Helm can be leveraged for managing different environments
Think about the kinds of differences you might want to have in a DEV env vs an INT/QA/UAT env, STG env, or PROD env:
Exposed URLs will be different. Consider URLs like:
dev.internal.sample.local
,qa.internal.sample.local
,stg.sample.local
,sample.local
STG and PROD likely have more resources: more CPU, RAM limits, more replicas, max replicas turned up for handling more requests.
Secrets would be different per environment.
Service accounts and RBAC might be different.
Extra services available in lower envs might not be available in higher environments (like Swagger UI, Storybook, or code coverage reports).
Dependencies (like databases or 3rd party integrations) might be shared in lower envs (to keep costs down) but not in upper envs.
Lower envs may need to perform unit tests, E2E tests, and have sample test data to support that testing, but possibly not higher envs.
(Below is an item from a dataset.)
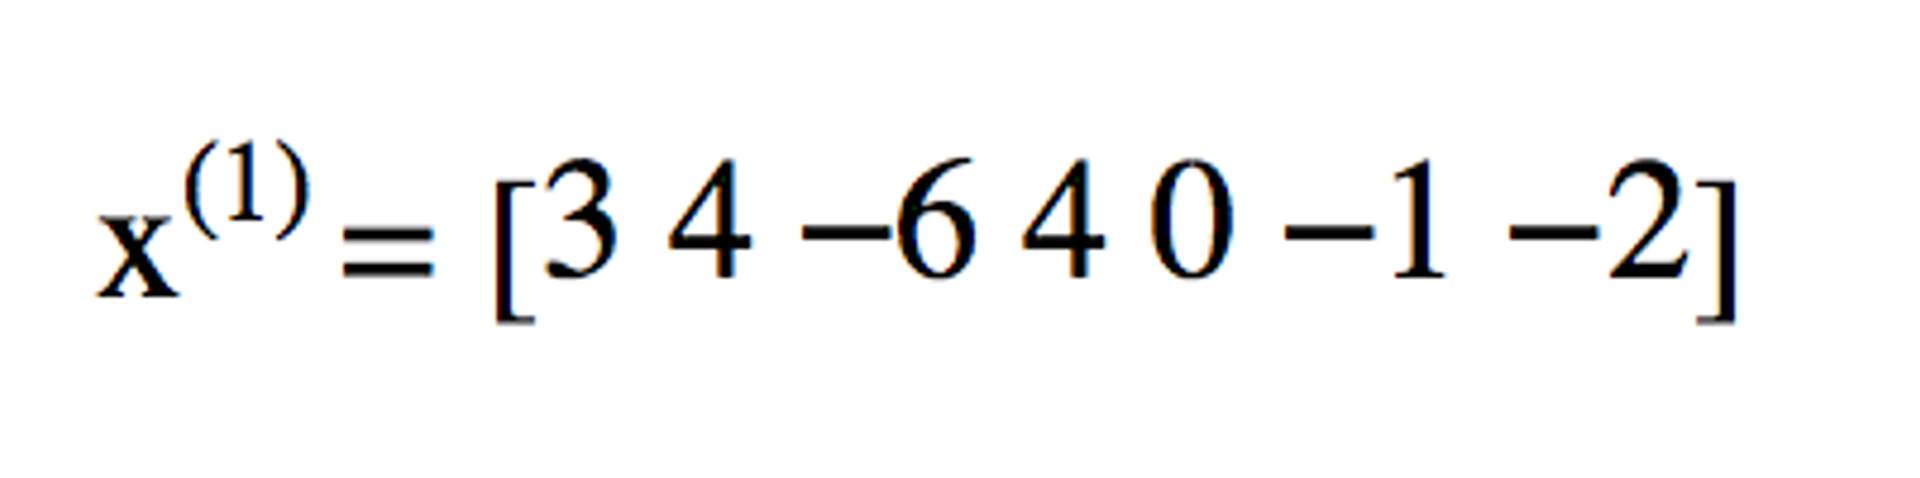 x(1) = 3 4 -6 4 0 -1 -2]

While this could be managed different folders of Kubernetes files (one for each set of environment), a Helm chart could create one set that behaves differently based on input values.
In our case:
All envs have different ingress URLs and have different ports for services
DEV and QA are set with configMaps to have swagger, while STG and PROD has swagger turned off
All envs have different secret files to manage username and password secrets separately
Helm enables multiple environments by using the inputs of the values files and generating the specific Kubernetes objects needed for each installation
Helm charts can live in a chart repository or locally
Helm charts add variables to help with reuse, and are often placed into version control and can be often shared.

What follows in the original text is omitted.